Figure 4 shows the AFM morphology of biofilm deposited on the silicone surface. Panels A and B present the control—clear surfaces with remnants from manufacturing processes such as injection die molding. Panels C–F show biofilm structures. Detailed imaging of the adhered deposits revealed biofilm composition on the polymer surfaces.

Figure 5 shows examples of silicone deterioration revealed after biofilm removal from the representative VP from the fifth time-group (n = 10). Panels A and B show control sample surfaces with remnants from the manufacturing process. Panels C–F show the topography of the silicone surface after biofilm removal using sonification. The interaction between tissue, material, and the development of biofilm might account for all material damage. Confocal microscopy revealed the porosity (blue arrows) of the silicone surface (Panels C and D). Microcracks (yellow arrows) were also visible using AFM (Panels E and F).

Changes in the mechanical and thermal properties of the representative VP from the fifth group (n = 10) after biofilm removal are shown in Figure 6. Panel A indicates that the structures of the evenly developed biofilm are much less stiff than flexible medical silicone. Panel B shows the changes in Young’s modulus of the silicone. The biofilm–silicone interaction might result in a significant increase in polymer stiffness. The mean value of Young’s modulus of the control silicone was 780 kPa, while for the used silicone, it was 1800 kPa. Changes in the thermal parameters of the polymer, denoting internal changes in the structure, were also observed. Panels C and D show changes in the crystallinity and activation energy of the silicone prostheses. Mean values of crystallinity and activation energy of used VPs are higher compared to new VPs, but the differences between averages did not reach statistical significance. These changes were not as significant as in the case of Young’s modulus but determined a certain upward trend, and we can associate these changes with silicone mechanical changes. We observed not only the shape deformation of the prostheses, surface porosity, microcracks, and valve obstruction but also structural changes and degeneration.

3. Discussion

3.1. Analysis of the Study Group

The incidence of laryngeal cancer has a male-to-female ratio of 5:1 [31]. The higher ratio in our study (9:1) could be caused by the fact that the men were diagnosed at more advanced stages, by which time, the organ preservation treatment is not possible. Most of our patients had simultaneous implantation of voice prosthesis at the time of laryngectomy. The rest of them had undergone secondary implantation procedures similar to those in another study [32].

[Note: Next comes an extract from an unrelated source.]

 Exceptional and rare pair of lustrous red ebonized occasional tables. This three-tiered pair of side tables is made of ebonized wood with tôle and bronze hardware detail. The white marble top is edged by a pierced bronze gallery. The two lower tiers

There is a variety of data published about VP lifespan. Some authors assessed that the average time of Provox Vega exploitation ranges from 3.5–18 months [27,28]. The average and median number of replacements per year is smaller than in another study, where the results were an average of 2.2 replacements and a median of 4.1 replacements per year [33]. There is a difference between our study and similar research, where patients were also categorized based on the period of exploitation. In the mentioned study, the most numerous group was the group of 4–6 months exploitation [32]. In our study, the longest time was 61 months. In this extreme case, the prosthesis was visibly covered by biofilm and was deformed, but it was still functioning well without any leakage. All analyzed patients did not have any symptoms of local or systemic infection. Moreover, none of our patients suffered from aspiration pneumonia. This observation agrees with previous reporting [32].

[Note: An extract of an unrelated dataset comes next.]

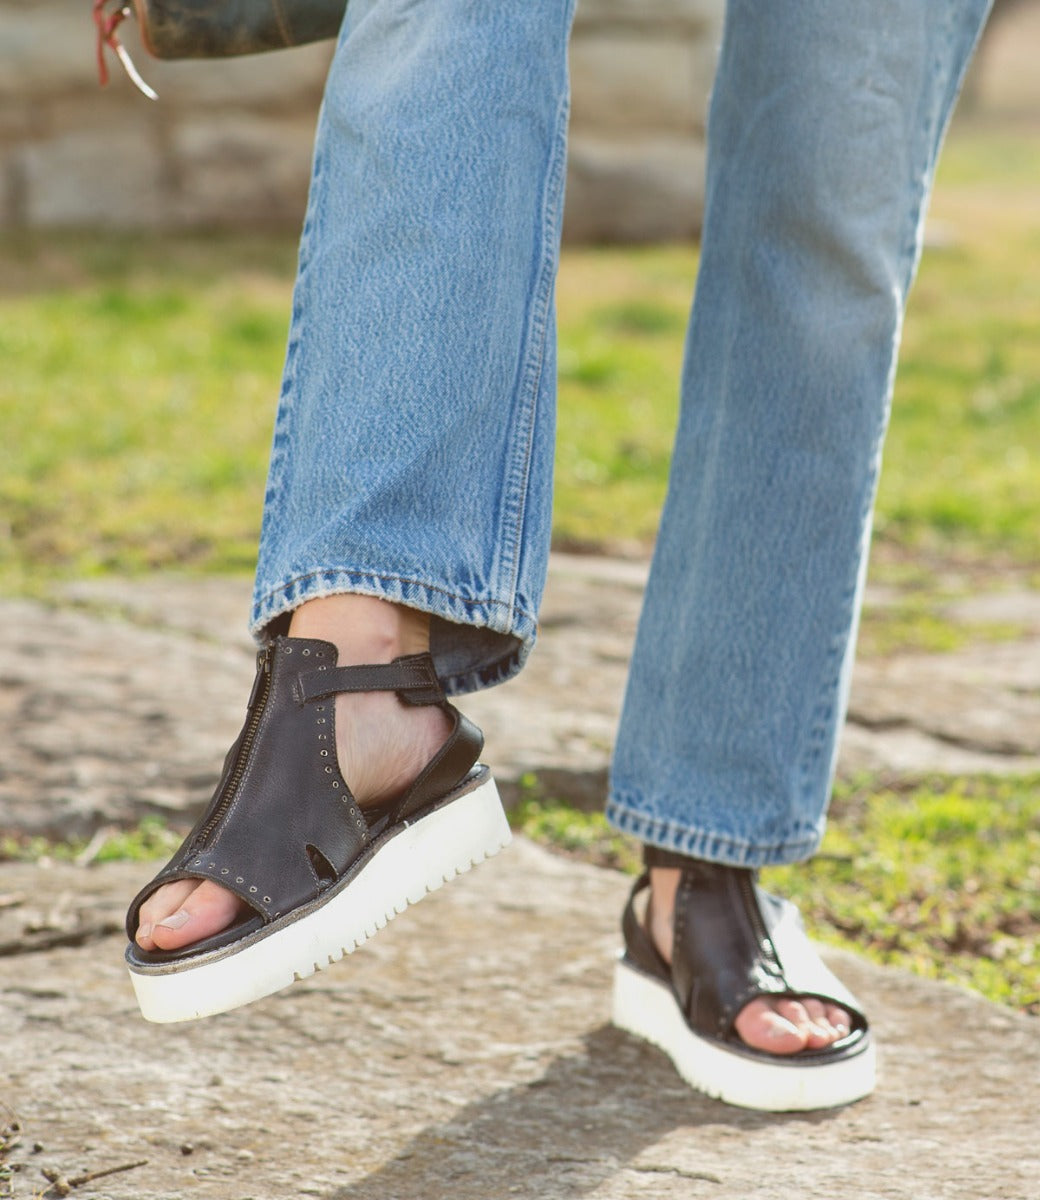 A person wearing Clancy sandals by Bed Stu, made of tan leather with a white sole.

3.2. Assessment of Microorganism Species Growing in Collected Biofilm Samples

The variety of microorganisms identified during our study was large. The most common yeast identified on VPs were Candida species. Our results are similar to the results of other authors, but in our studies, the dominant species was Candida krusei instead of the previously reported Candida albicans [11,33]. In our study, similar to other publications, the most common bacterial species forming biofilms on VPs was Staphylococcus aureus [11,33]. Colonization of Candida spp. is highly associated with the destruction of the silicone material [16]. The biofilm growth, especially when taking place on the valve, can shorten the device’s lifetime. A biofilm containing a mixed flora of yeasts and bacteria, which we detect on the silicone surface, was similar to data reported in [11]. Interestingly, within the biofilm mass, it was possible to identify areas with either mostly bacterial or fungal cells. It has been suggested that initial adherence to the silicone polymer surface of Candida species can be preceded by bacteria. Fungi might create a conditioning biofilm on the soft surface of silicone prostheses. The presence of mixed microbial flora can be considered “a material coinfection”, with a synergistic interplay between bacterial and fungal cells [16].

However, the results have shown that there are no statistically significant correlations between the lifetime of voice prostheses and the microorganism composition of the biofilms that develop on the VPs. No species, neither yeasts nor bacteria, changed the lifespan of the voice prosthesis with statistical significance.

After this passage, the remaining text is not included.